[comp.protocols.tcp-ip] The case of the phantom KEEPALIVEs

earle@POSEUR.JPL.NASA.GOV (Greg Earle - Sun JPL on-site Software Support) (08/15/90)

I don't want to start the religious war over KEEPALIVEs again, but ...

Has anyone ever run across this kind of behavior?  If so, please respond to
millis%sunpeaks.Central@Sun.COM (a.k.a. millis@sunpeaks.Central.Sun.COM).
BTW, the 2 machines described in question are running SunOS 4.0.3, which I
think has a 4.3BSD-Tahoe-ish TCP (but not all the latest goodies; they were
added in SunOS 4.1).  Thanks.

------- Begin Included Message

I have a Sybase application which fails occasionally because of TCP resets.
Here's the details:

The application is split across 2 machines - client and server.

1- Client (Sun-4/330) negotiates a TCP connection to the server (Sun-4/280)
   (Sybase TCP port)

2- Client uses the TCP connection to send transactions and recieve
   transactions from the server.

3- The connection stays open (by design), even during long periods of idleness.
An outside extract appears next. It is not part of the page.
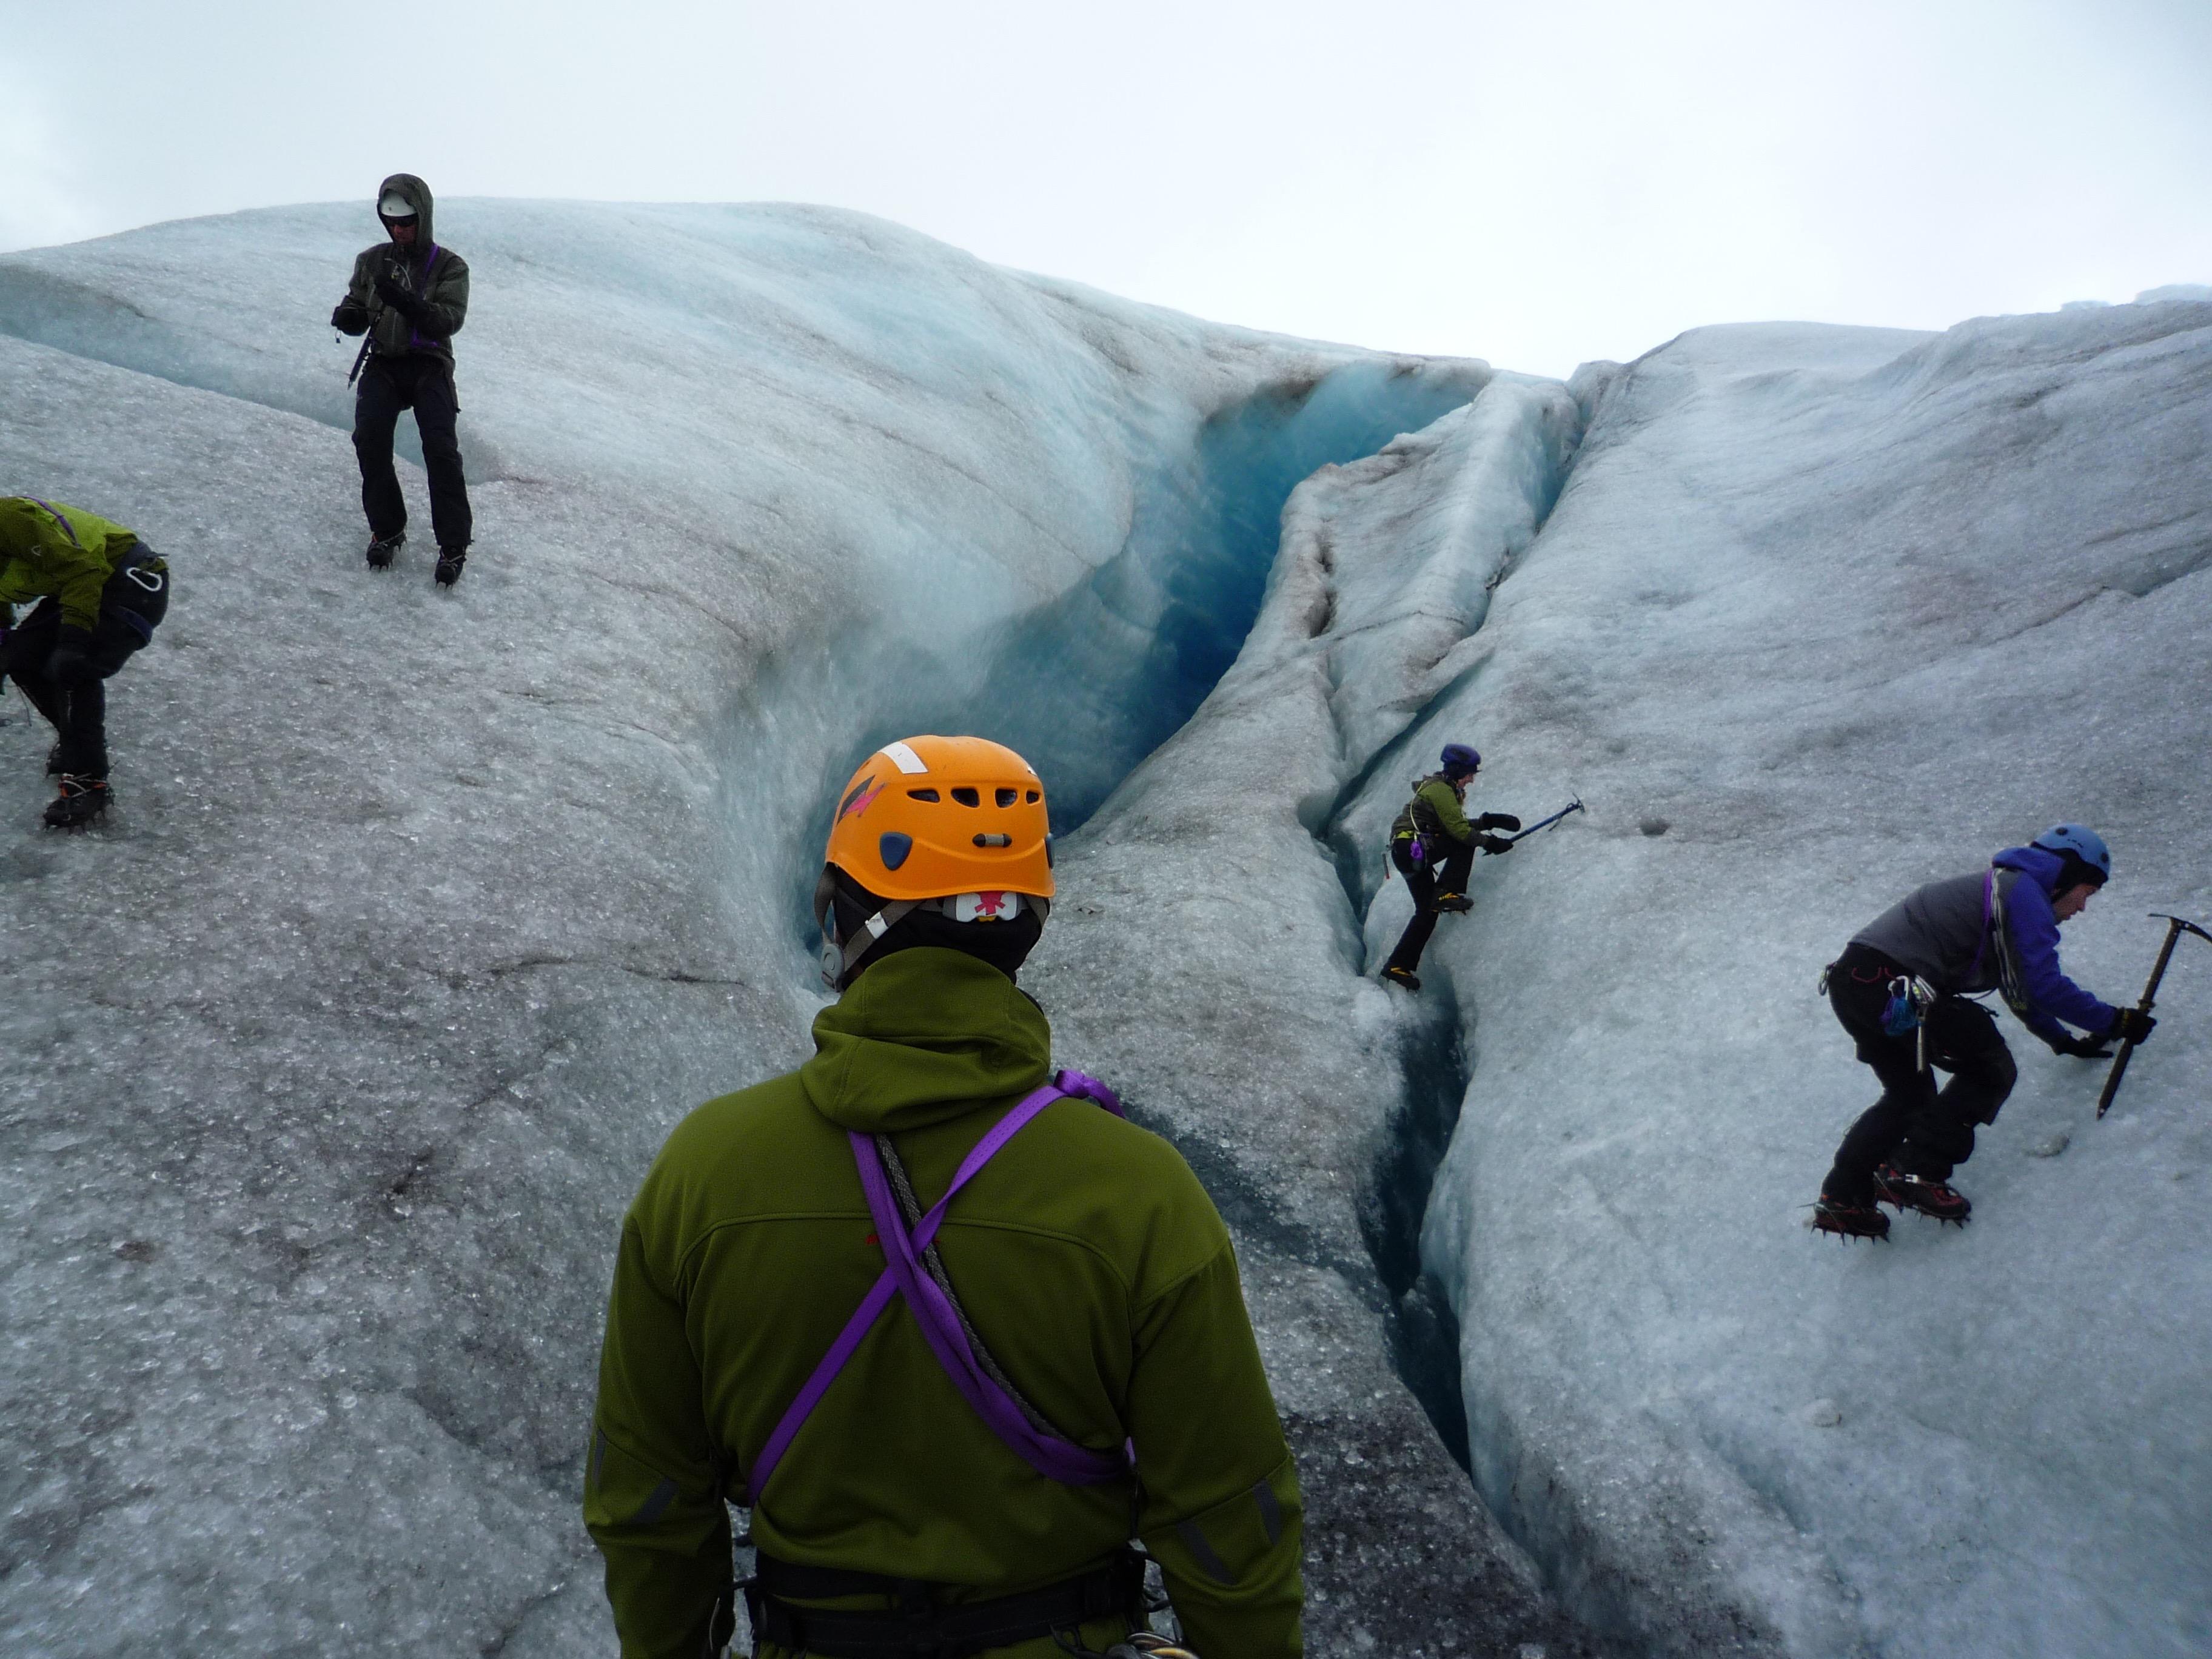 Glacier - For Alpine Climbers

4- The application sends transactions asychronously, every few minutes
   typically.

5- The above behavior may continue indefinitely; at least it is SUPPOSED to.

6- TCP KEEPALIVE is turned ON on the server, but OFF on the client.
   Therefore, during idle periods, the server TCP sends a KEEPALIVE every 75
   seconds, which the client dutifully acknowledges.

7- HOWEVER, the server TCP occasionally "misses" sending a KEEPALIVE;
   sometimes 1 or more 75-second intervals will pass with no KEEPALIVES seen
   from the server.  Sometimes the KEEPALIVES resume, but sometimes they seem
   to go away permanently.

8- Server TCP seems to believe that KEEPALIVES always go out, even when they
   really don't.

9- After failing to receive acknowledgements from 8 consecutive "phantom"
   KEEPALIVEs, the TCP port on server is abruptly closed.

10- Sometime later, the client attempts to send another transaction.

11- Server TCP responds immediately with a RESET, since the connection no
    longer exists.

12- Client ack's the RESET, and the Sybase application crashes with a
    "connection reset by peer" error.

Thus, if the application routinely has idle periods of longer than 11 minutes,
15 sec (9*75 sec), the application is at risk of being brought down by this
connection reset problem.

Both client and server are running SunOS 4.0.3; a 4.1 upgrade will not be
possible for several months, for other reasons.

The KEEPALIVE idle period and the KEEPALIVE connection timeout are set in
sys/netinet/tcp_timer.h (on Suns): (the defaults have not been changed)

#define TCPTV_KEEP      ( 75*PR_SLOWHZ)         /* keep alive - 75 secs */
#define TCPTV_MAXIDLE   (  8*TCPTV_KEEP)        /* maximum allowable idle

I was told by someone that I cannot change TCPTV_KEEP or TCPTV_MAXIDLE -
changes made to tcp_timer.h will not affect how the kernel makes.

Finally, the questions:

1-      Has anyone seen anything like this?  Why would the server occasionally
        fail to send KEEPALIVES?

2-      I have trouble believing that I cannot change TCPTV_KEEP or
        TCPTV_MAXIDLE (perhaps "cannot" is really "should not"?).
	Is this really true?

3-      I want to increase TCPTV_MAXIDLE, as a Band-aid.  The only
        major sideffect that I can think of is that truly dead connections
        (the machine at the other end has died) will take longer to time out.
        Any other bad side effects?

------- End of Included Message

--
	- Greg Earle
	  Sun Microsystems, Inc. - JPL on-site Software Support
	  earle@poseur.JPL.NASA.GOV	(Direct)
	  earle@Sun.COM			(Indirect)